> What the task requires
Repeat each line of the data below exactly, but skip the pictures.

[Opening Recorded information section]

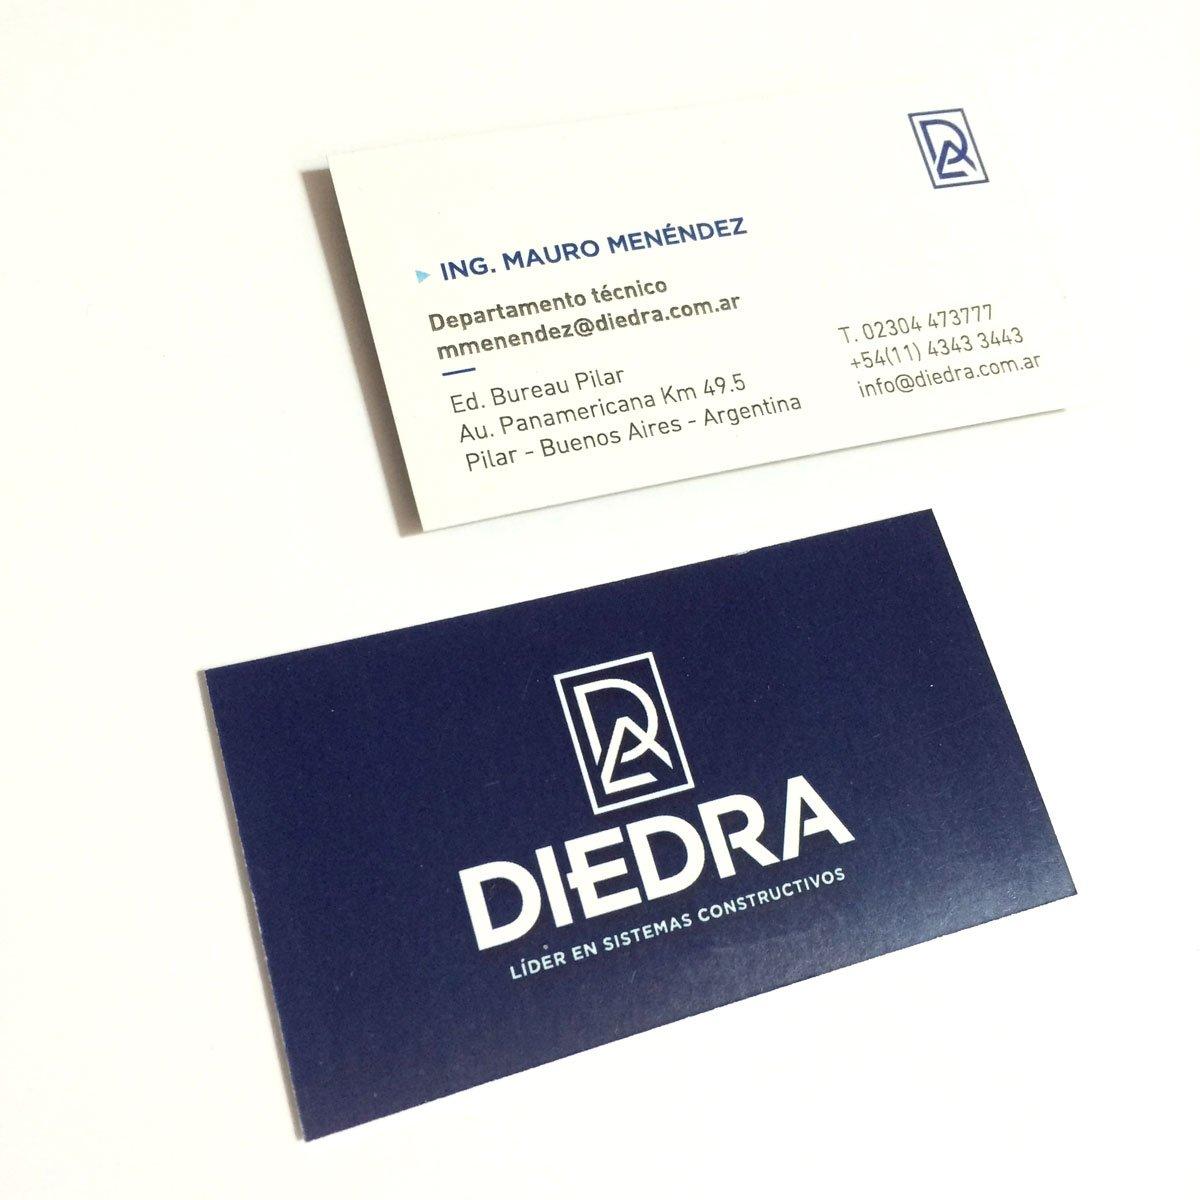 9fd4bba211332 impresion tarjetas ultrarapido · tarjeta personal quinta estacion ·  tarjetas personales en el dia · tarjetas personales impresion rapida ·  tarjetas
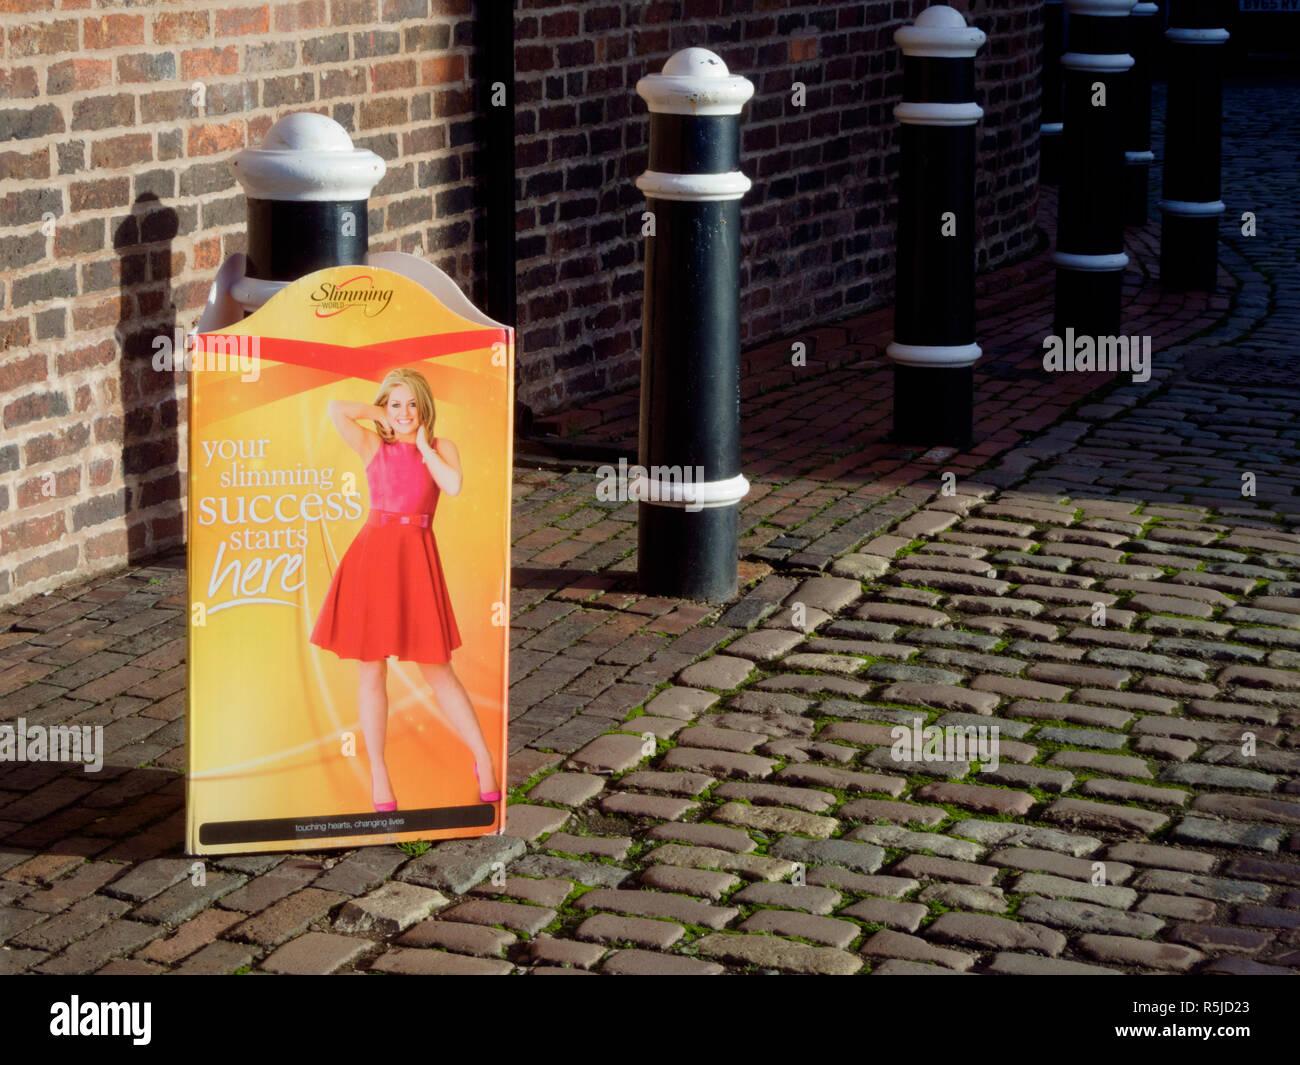 Slimming World Slimming Class Advertising Board, UK - Stock Image
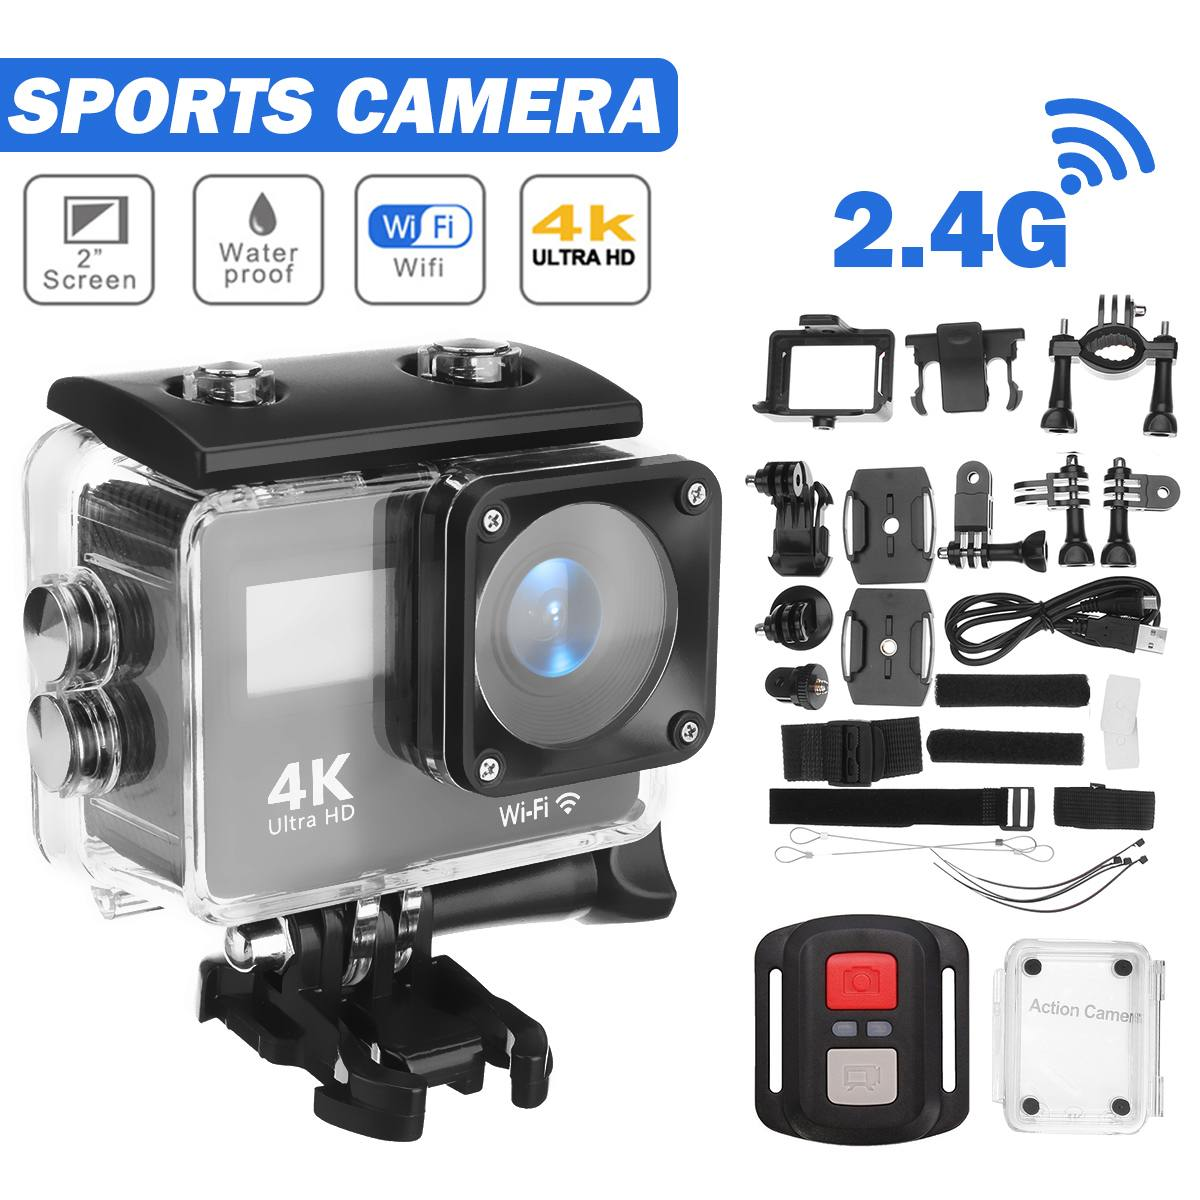 Action Camera 12MP Ultra HD 4K WiFi Remote Control Sports Video Recording Camcorder DVR DV go Waterproof pro Mini Helmet Camera
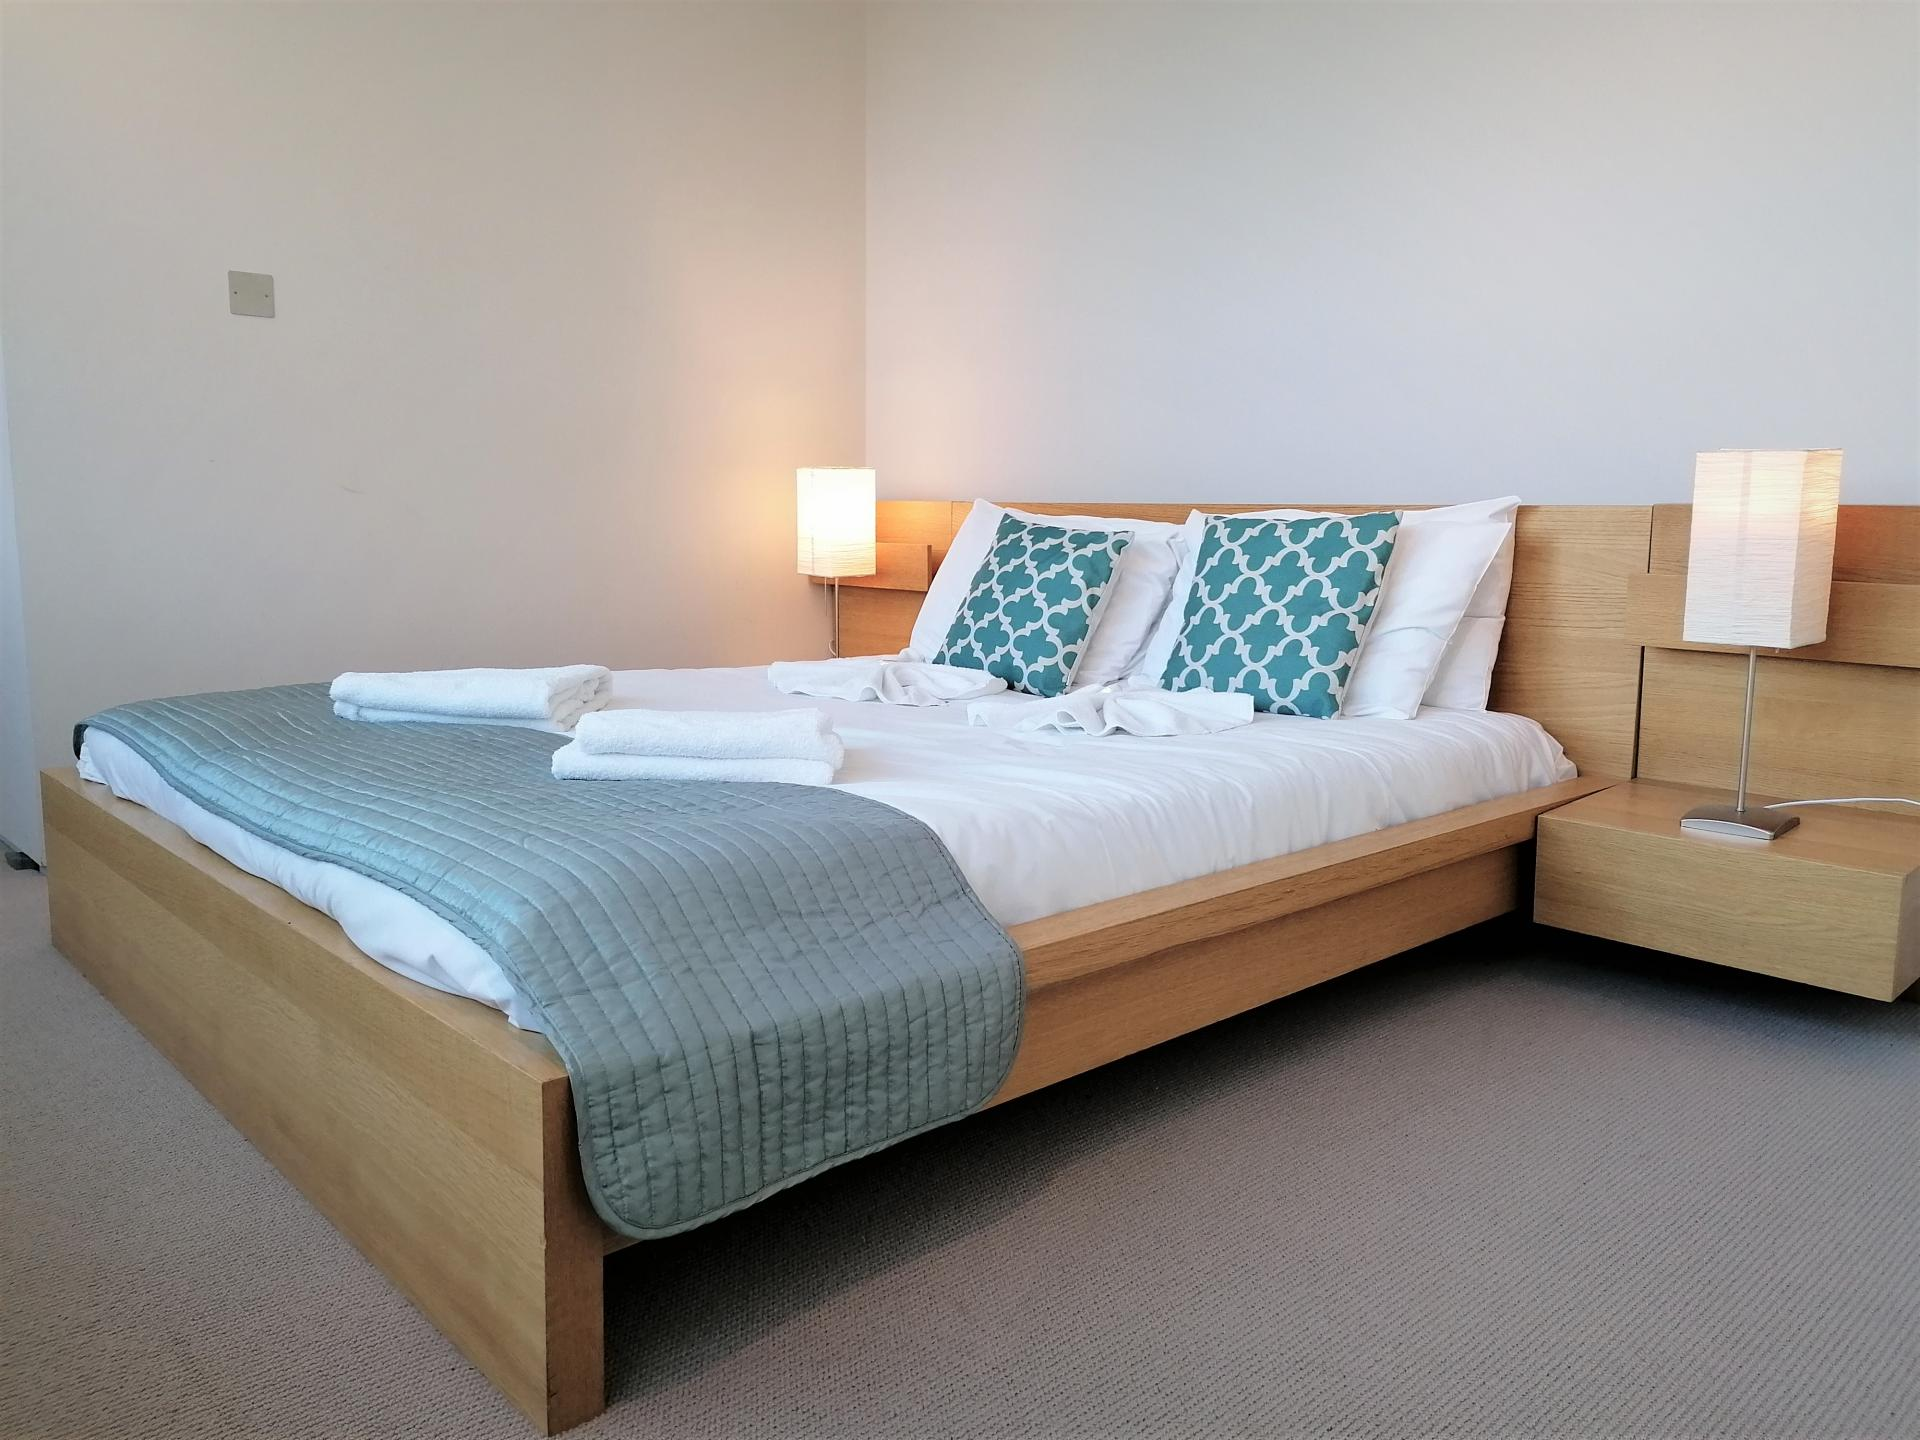 Bedroom atStill Life King's Cross Superior Apartment, Kings Cross St Pancras, London - Citybase Apartments

[Closing Recorded information section]

> Answer to this task
 9fd4bba211332 impresion tarjetas ultrarapido · tarjeta personal quinta estacion ·  tarjetas personales en el dia · tarjetas personales impresion rapida ·  tarjetas
 Slimming World Slimming Class Advertising Board, UK - Stock Image
 Action Camera 12MP Ultra HD 4K WiFi Remote Control Sports Video Recording Camcorder DVR DV go Waterproof pro Mini Helmet Camera
 Bedroom atStill Life King's Cross Superior Apartment, Kings Cross St Pancras, London - Citybase Apartments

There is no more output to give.